Set every line of the listing down again, keeping it identical.

_Given data_
------------------------------------------------------------------------
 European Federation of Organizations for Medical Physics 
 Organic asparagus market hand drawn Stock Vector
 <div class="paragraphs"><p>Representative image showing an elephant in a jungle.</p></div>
------------------------------------------------------------------------
_Reply_
 European Federation of Organizations for Medical Physics 
 Organic asparagus market hand drawn Stock Vector
 <div class="paragraphs"><p>Representative image showing an elephant in a jungle.</p></div>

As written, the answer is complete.